Continuous Emissions Monitors (CEMs)

Field Studies of Dioxin/Furan CEMs

Studies on CEM testing at Belgian, Japanese and Italian incinerators, make it clear that continuous monitors are desirable because:
Dioxin emissions many times higher during startup/shutdown periods, when dioxin emissions aren't monitored

The following was written by Alan Watson, CEng, for the Global Alliance for Incinerator Alternatives in relation to revisions to the Eurpean Union Directive on integrated pollution prevention and control:

We know that high dioxin emissions can be generated and released particularly during start-up periods (Gass, Lder et al. 2002; Nordsieck, Neuer-Etscheidt et al. 2003; Environment Agency 2006; Neuer-Etscheidt, Nordsieck et al. 2006; Tejima, Nishigaki et al. 2007; Wang, Hwang et al. 2007; Wang, Hsi et al. 2007; Chen, Lin et al. 2008). It is notable that these start-up periods are never monitored with spot dioxin tests although they are clearly a time when it would be anticipated that dioxins could be formed within incinerators from previously deposited carbonaceous deposits.
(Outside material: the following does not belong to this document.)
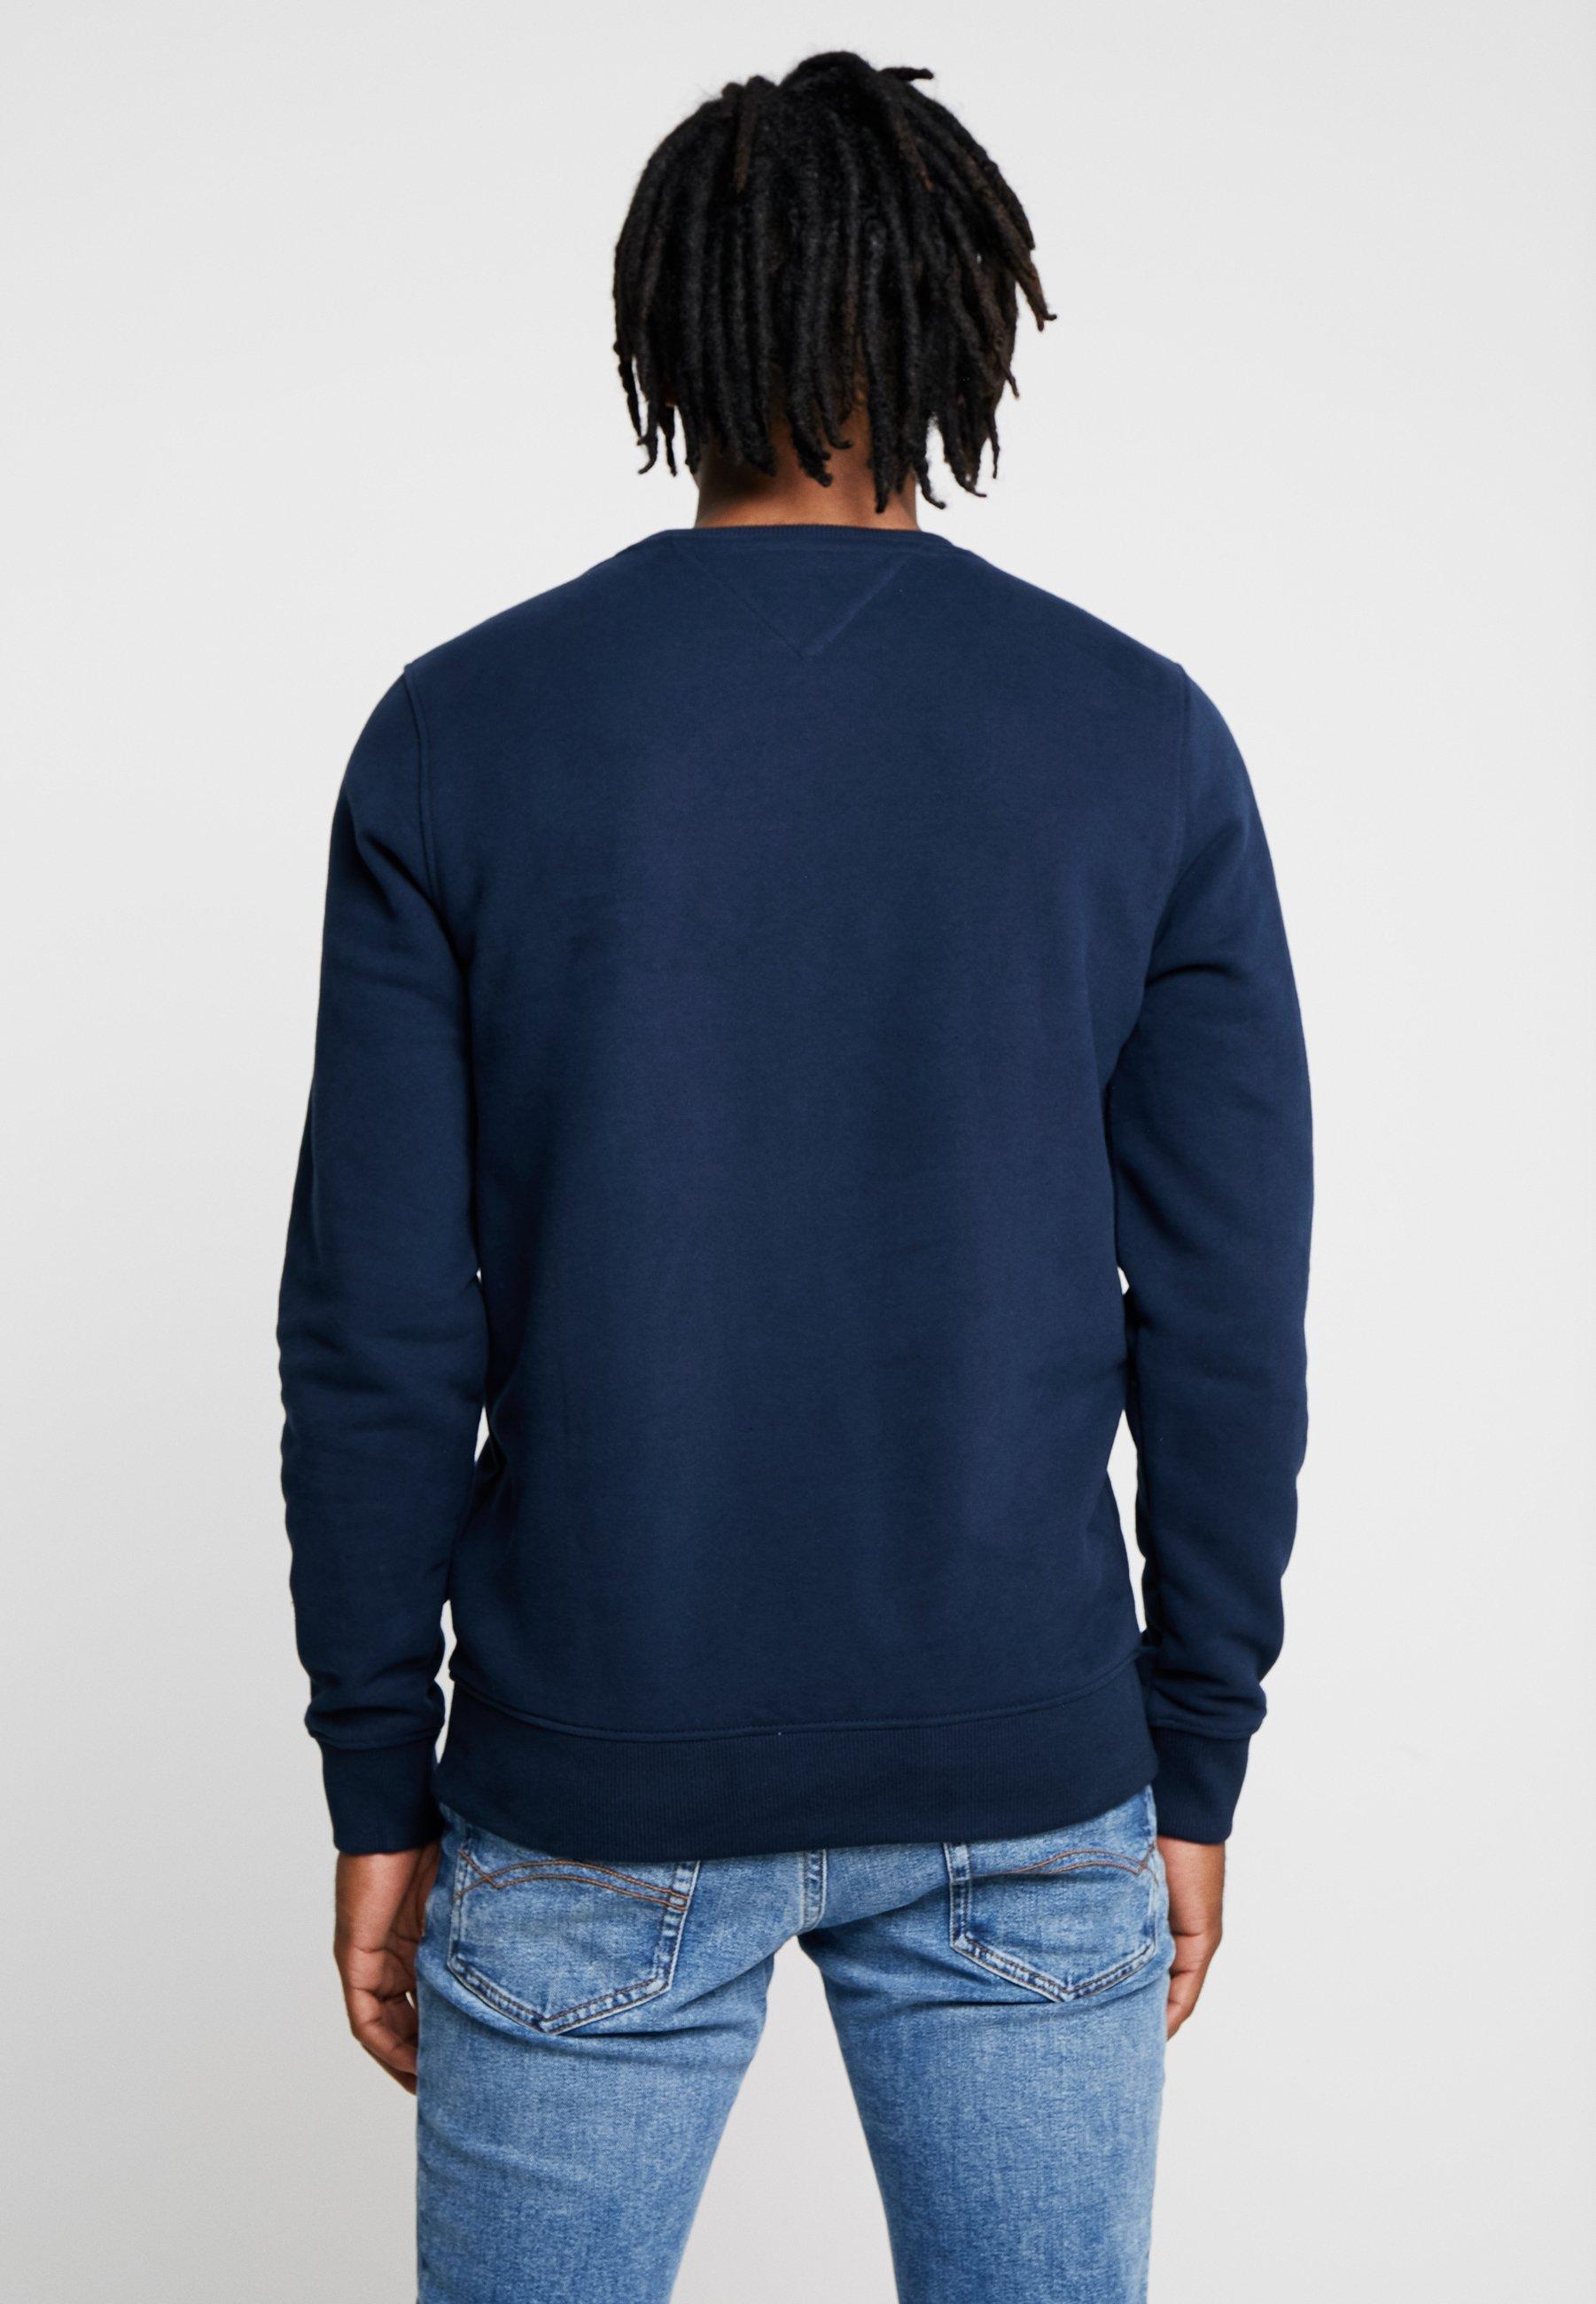 Split Blue CrewSweatshirt Block Logo Tommy Jeans hxtrdsQC

Tejima tested a modern Japanese incinerator and found that even a single incinerator start-up released more dioxins to air than operating the incinerator in steady state conditions non-stop for over 2 months. Contamination levels of ash were also increased. If an incinerator was started more than four times a year the majority of the dioxin emissions are likely to come from the unregulated start-up emissions.

The results from Wang are more worrying. To verify the PCDD/F characteristics of incinerators during start-up a continuous MSW incinerator was investigated for two years. The elevated PCDD/F emissions of the MSWI during start-up could reach 96.9 ng I-TEQ N m3 (nearly 1,000 times the EU limit of 0.1 ng/m3) and still maintained a high PCDD/F emission (40 times higher than the Taiwan emission limit) even 18 h after the injection of activated carbon.

From the four MSW incinerators they studied the estimated annual PCDD/F emission from normal operational conditions was 0.112 g I-TEQ. However they calculated that one start-up procedure can generate 60% of the PCDD/F emissions for one whole year of normal operations. Furthermore the PCDD/F emission from the start-ups of some incinerators was at least two times larger than that of a whole years normal operations. This was even without consideration for the PCDD/F emission contributed by the long lasting memory effect.

Dioxin emissions are, not surprisingly (as they are products of incomplete combustion) reported as being much higher during combustion upsets (De Fre and Rymen 1989; Halonen, Tuppurainen et al. 1997; Hart 2001; Zimmermann, Blumenstock et al. 2001; Gullett, Touati et al. 2006; Neuer-Etscheidt, Orasche et al. 2007; Neuer-Etscheidt, Orasche et al. 2007).
Acronyms:

MSW = Municipal Solid Waste

MSWI = MSW incinerator

PCDD/F = dioxins/furans

I-TEQ = a standard international unit of dioxin measurement

AMESA = Adsorption Method for Sampling of Dioxins and Furans
Technical Briefing Paper: Quasi-Continuous Sampling of PCDD/F in Incinerator Stack Gas

By Pat Costner, senior scientist for Greenpeace, 29 February 2003


Continuous emissions monitoring for PCDD/F content offers the most accurate and reliable means for estimating PCDD/F releases and evaluating potential impacts on public health and the environment. One of the more important earlier studies of the AMESA system for monitoring PCDD/F releases in stack gases is that by De Fre and Wevers (1998). These scientists found that, in comparison to the AMESA system, the standard 6-8 hour sampling time "underestimated the average [dioxin] emission by a factor 30 to 50."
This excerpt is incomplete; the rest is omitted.